Finding out that your child is differently able is one of the most shattering things that can happen to parents. It may happen at birth, after an illness or accident, or you may discover something wrong as your child develops. You may go through many of the emotions people feel after a major, sudden loss. You may feel grief at the loss of dreams for your child's future and worry about their quality of life. 

Big changes for parents and families may cause stress and pressure on relationships. It will help you and your child if you seek early support from professionals, family, and friends. Other parents in the same situation can be helpful, too. It's also important to take time to look after yourself. 

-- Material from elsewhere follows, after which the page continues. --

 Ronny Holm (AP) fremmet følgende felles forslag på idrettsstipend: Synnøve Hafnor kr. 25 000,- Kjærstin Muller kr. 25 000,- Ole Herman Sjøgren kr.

Remember that every child has different abilities. Children who are differently able can have a joyful life, bring joy to others, and achieve a quality of life.

Quality of life
Quality of life is not about ability. It's about your child having happy times, feeling well, safe and comfortable, feeling pride in what they can do, and being a loveable person. Differently able children can lead positive, happy lives and bring joy to themselves and others.
Your feelings
When you first realise your child is differently able, you may feel the grief that many people feel after a loss. This can include shock, disbelief, anger, blame, guilt, sadness, questioning why it happened to you and your child, and panic or fear that you won't be able to cope. 

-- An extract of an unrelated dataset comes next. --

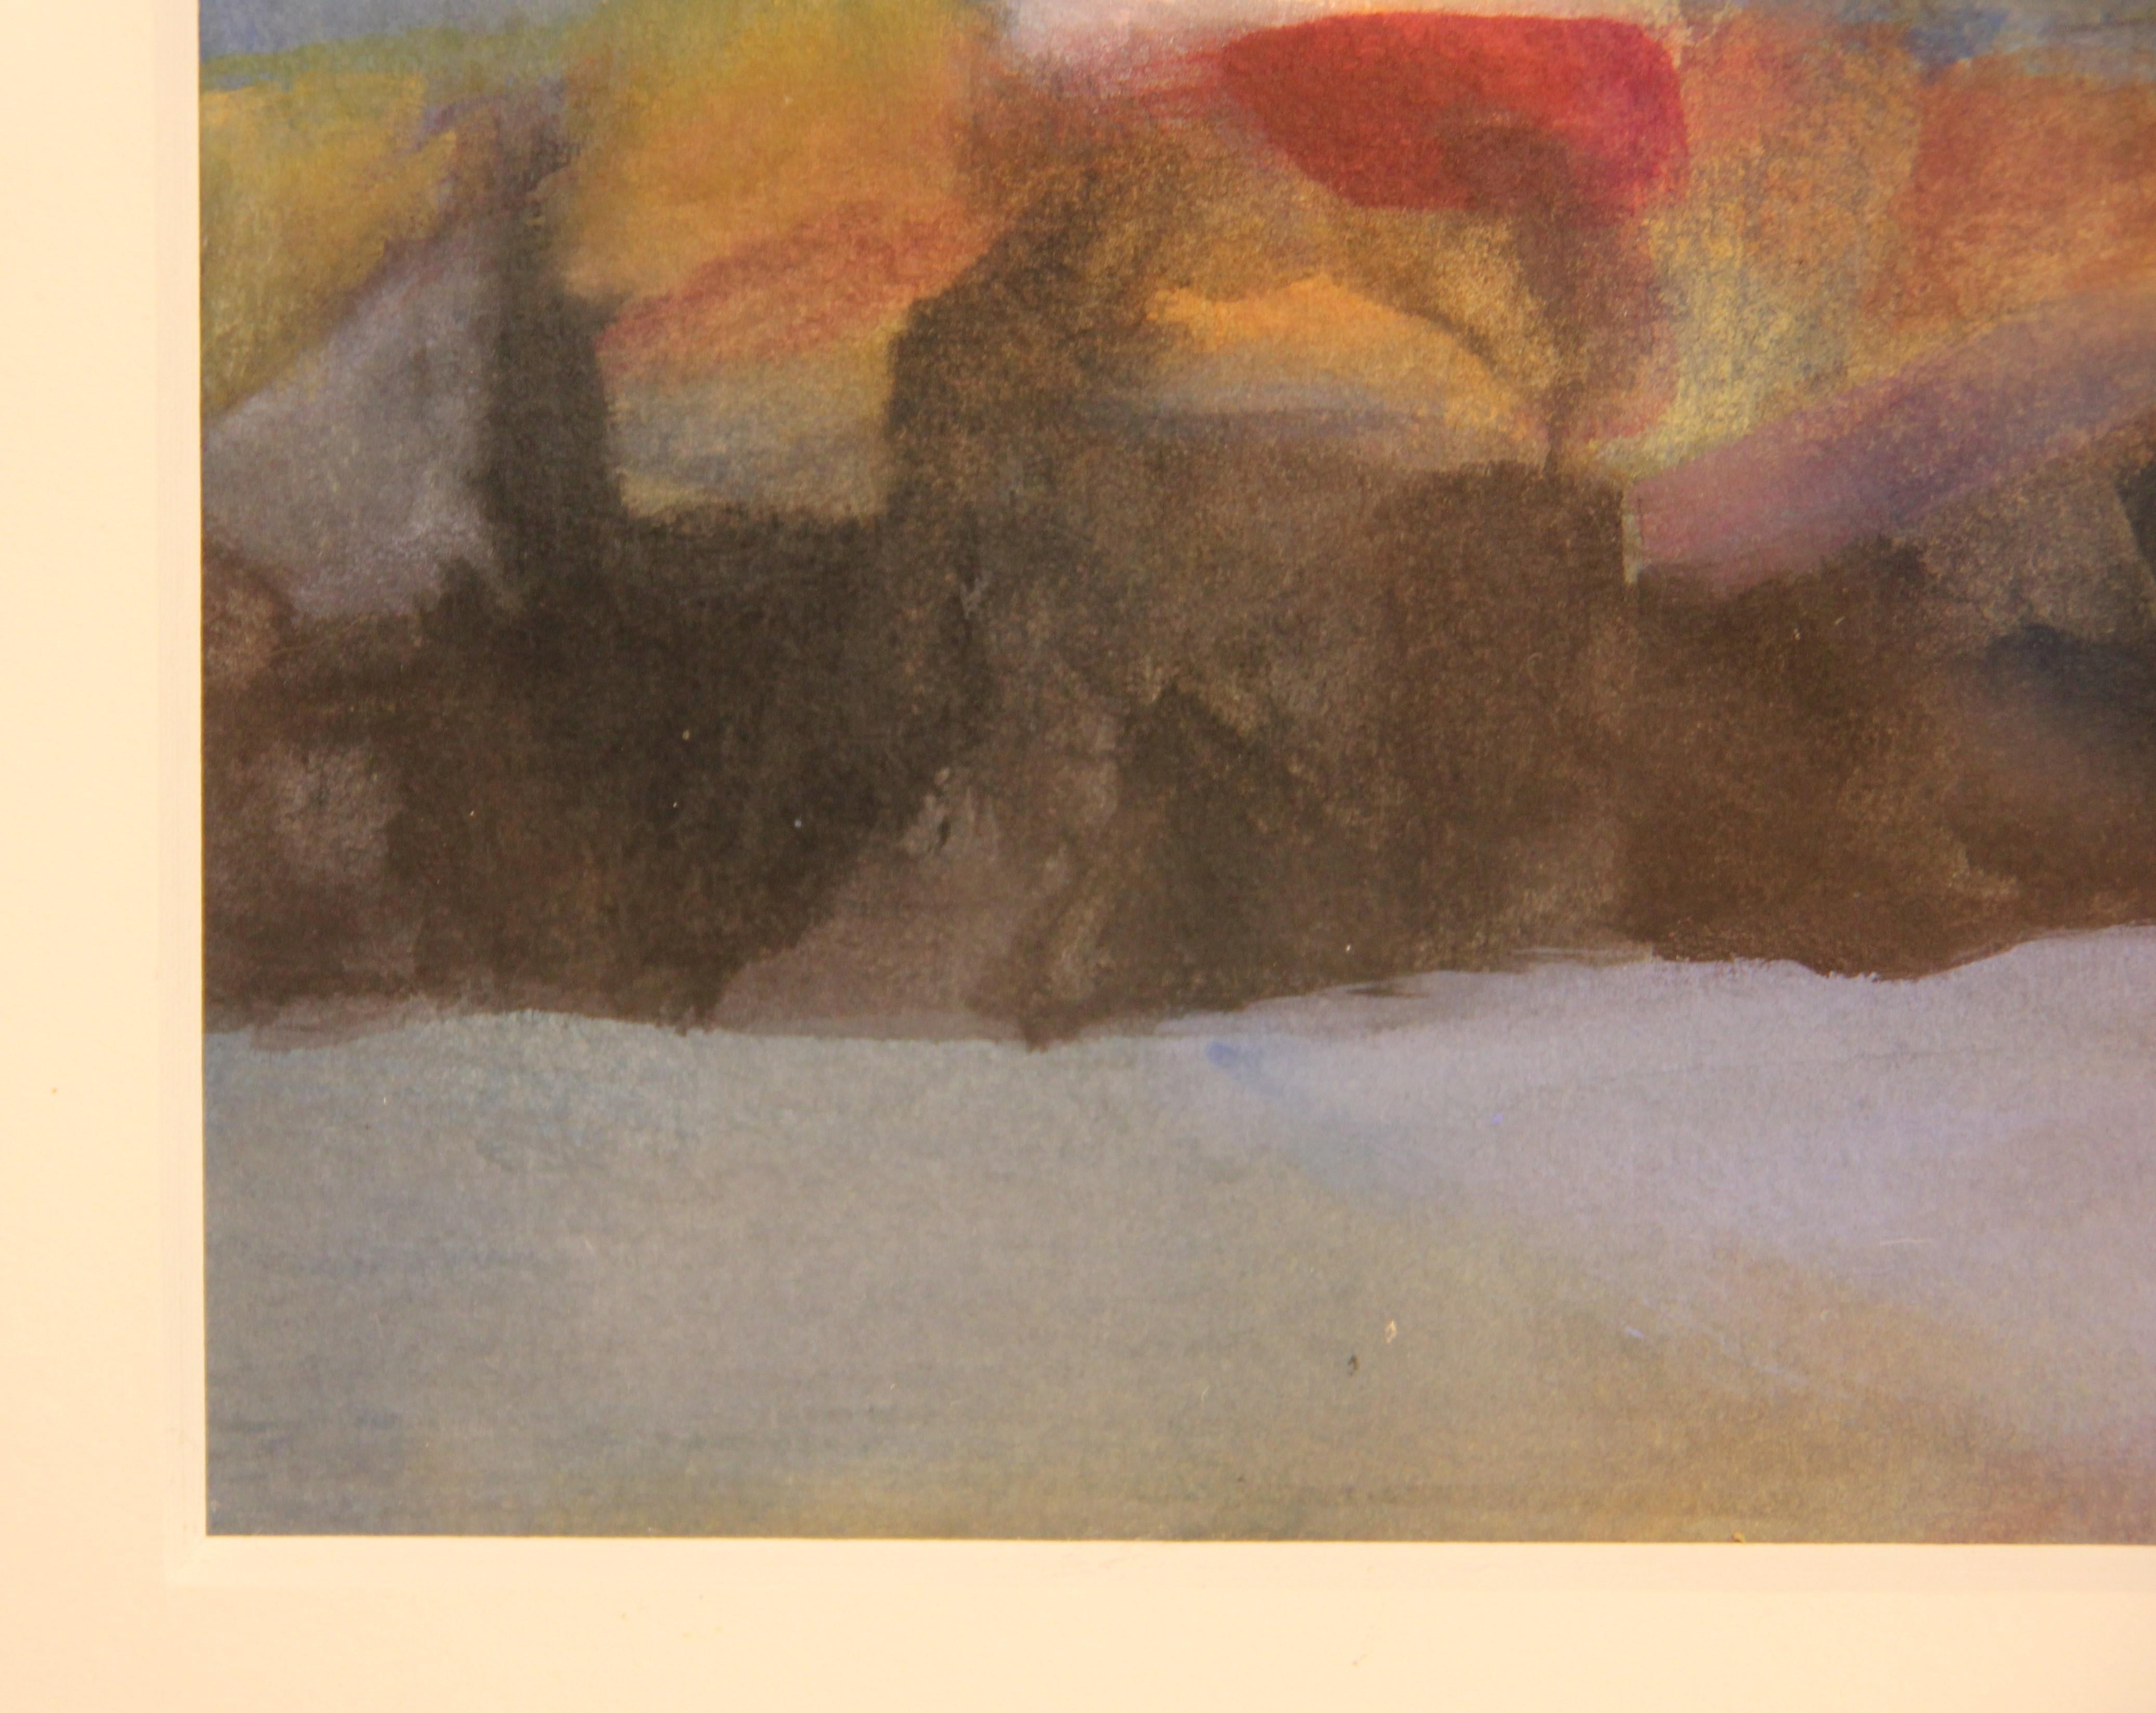 Abstraktes, blau getöntes Gouache-Gemälde auf Papier, das eine Meereslandschaft mit einem weißen Leuchtturm und einer roten Scheune darstellt, möglicherweise in Neuengland. Signiert vom Künstler unten rechts. Mattiert und gerahmt in einem weißen

These feelings can (but may not) come back throughout your child's life as new losses happen, e.g., if your child can't attend the local school, make friends, or become independent. So, while you can achieve some healing, it's not just one loss but a loss that may happen repeatedly. Take time to grieve when you need to. You don't have to manage this alone, as help is available.

How well you cope with your own feelings and your child's ability depends on lots of things:

What sense can you make of what has happened to your child (what you tell yourself about it)? This can be affected by how well it was explained to you and what the cause was - 


  • Your partner's reactions and how he/she copes 

  • The amount of support you have from family and others 

  • The amount of respite you have 

  • The relationship you build with your child 

  • The quality of life your child has

  • The effect it has on your family life and working life 

  • For some people, support from their religious faith

If you have negative feelings towards your child that won't go away, it's important to get help. Remember, many parents feel this way at times.